34

196 21 3
                                    

"Aaaaaaarrrrrggghhhhh!!!! Gesang sialan! Gesang brengsek! Gesang bego! Tolol! Superlazy boy kebangetan!!!! Gue benci sama lo!!!!" entah untuk keberapa kalinya Gema meneriaki ponselnya sendiri gara-gara dia masih belum mendapatkan pencerahan sedikitpun tentang Gesang. "Abang durhaka! Kakak macam apa! Bisa-bisanya lo nelantarin adek lo sendiri yang imut? Ngebiarin adiknya sendirian! Sungguh tega duhai Gesang!" Gema meremas ponsel di genggamannya. Sengit, kesal, marah. Saat satu-satunya yang bisa dia harapkan ternyata tidak seperti itu. Sungguh mengecewakan. "Keterlaluan!"

Gema menghembuskan nafasnya kasar, lalu duduk begitu saja bersandar dinding luar perpustakaan. Gadis itu menunduk, menatap layar ponselnya yang gelap dengan jempolnya yang mengelus-elus layar itu padahal tidak ada apapun. "Mo kayak bang Toyib sampe kapan?" gumamnya pelan.

Biar tadi dia mencaci maki kakaknya dengan banyak cacian, akan tetapi, sesungguhnya Gema amat sangat merindukan kakaknya di samping dia juga membutuhkannya saat ini. Ya, bisa dibayangkan sudah berapa lama dia tidak bertemu dengan kakaknya itu.

Apakah kakaknya masih mengenalinya? Gema takut jika ternyata Gesang sudah tidak mengenalinya. Akan tetapi, Gema lebih takut kalau terjadi apa-apa pada satu-satunya saudara yang dia miliki.

"Jadi Gesang nggak pernah pulang?"

Gema celingukan mencari-cari sumber suara itu. Tengok ke kanan, tidak ada orang. Ke kiri, juga tidak ada. Ke depan, sama sekali tidak ada orang. Maklum, di jam istirahat begini pasti tempat seperti kantinlah yang ramai.

"Kabur?"

Terdengar lagi. Kali ini Gema mendongak. Matanya melotot melihat ada Genta yang sedang menunduk menatapnya. Cowok itu sedang berada di dalam perpustakaan. Tepatnya berdiri di jendela yang menghadap ke taman belakang perpus dimana Gema berada saat ini. Cowok itu menyangga dagunya dengan satu tangannya selagi satu tangannya lagi memegang sebuah buku tentang statistik.

"Lo ngapain disitu? Nguping?" mata Gema memicing curiga.

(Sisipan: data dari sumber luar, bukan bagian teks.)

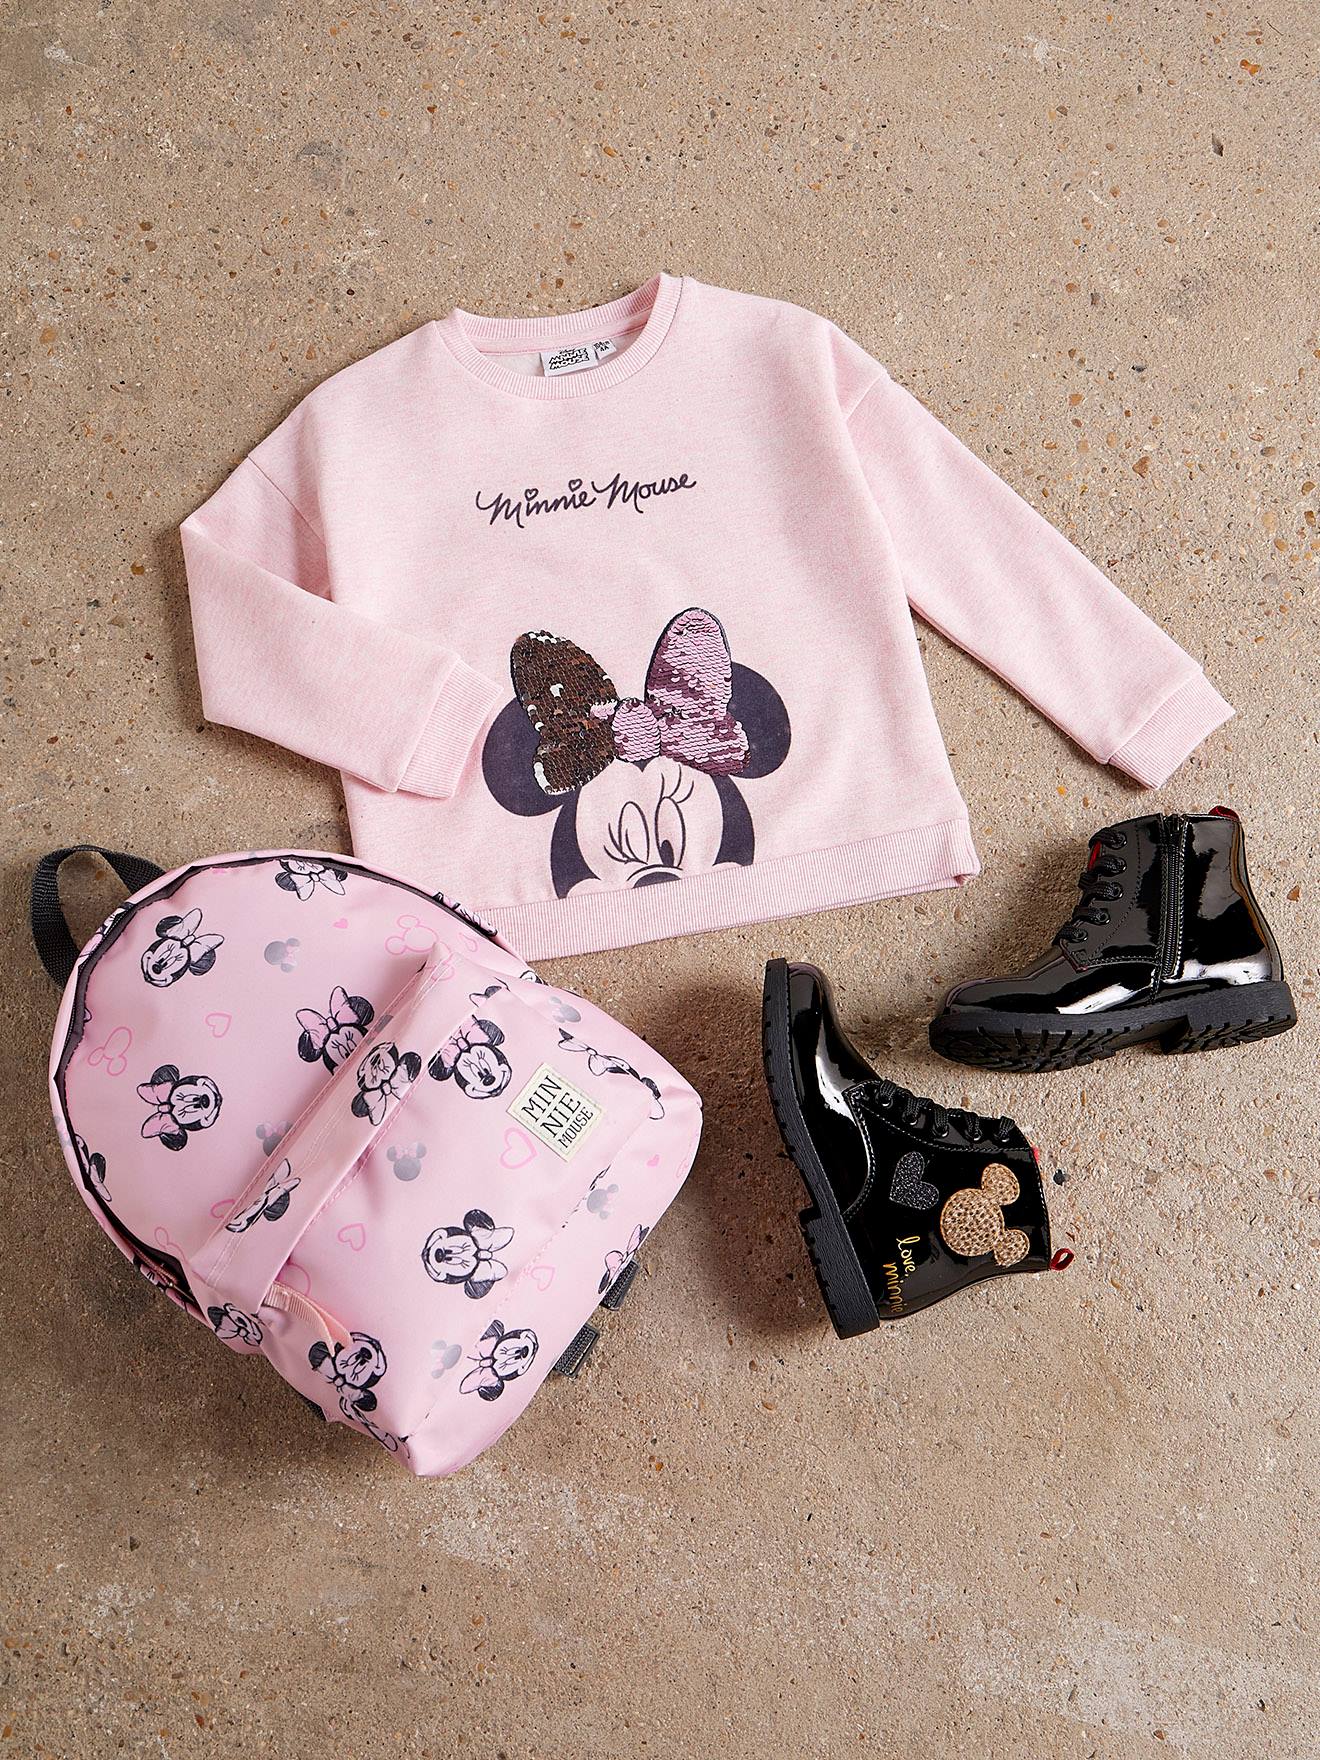 Kleines Kleid Gilet pour fille Disney Minnie Mouse sans manches en taille 74 80 86 92 98 104 110 Pollunder Veste zippée pour 1 2 3 ans

"Lo yang tereak kenceng-kenceng sampe kedengeran ke perpus."

"Oh, ya mon maap. Ya udah sana, gue udah nggak tereak-tereak lagi kok." Gema kembali menatap ke arah depan.

Pluk!

"ADAAAWWWW!!" Gema kembali berteriak setelah buku statistik yang sedang Genta baca sengaja dia jatuhkan di atas kepala Gema. Gema kembali mendongak, "Sakit tau! Kalo kepala gue bocor gimana?!"

"Siniin dong, buku gue." Genta mengulurkan tangannya, meminta bukunya yang jatuh untuk kembali.

Gema melirik. Bisa-bisanya dia menyuruh-nyuruh dirinya seperti itu. Karena kesal, Gemapun berdiri sehingga berhadapan dengan Genta. "Lo mau buku ini?" Gema tersenyum licik yang kemudian membuat Genta curiga.

Benar saja, Gema membalikkan badannya kemudian melempar buku itu ke dalam kolam tidak jauh di hadapannya. Genta melotot maksimal.

"Lo?!"

"BU AYAAA! BUKU PERPUS ADA YANG SENGAJA GENTA LEMPAR NIH BU! LEMPAR KE KOL—MMMMPFHHHHT!!!???" dengan cepat Genta membekap mulut Gema yang terus menyerocos itu. Sebab suara Gema tidak main-main. Benar-benar kencang sampai semua anak di perpus menoleh kepadanya. Untung saja tubuh Gema itu mungil, jadi Genta tidak ketahuan sedang membekap seorang anak di dadanya.

Gema meronta, berusaha melepas bekapan Genta dari mulutnya, serta lengan yang melingkari lehernya. Sayangnya usahanya sia-sia, Genta terlalu kuat membekapnya, terlalu dekat hingga kepalanya menempel ke dadanya yang bidang.

Setelah Gema berhenti meronta, barulah Genta perlahan melepas bekapannya. Akan tetapi, dia tidak menarik lengannya agar tetap melingkari leher Gema.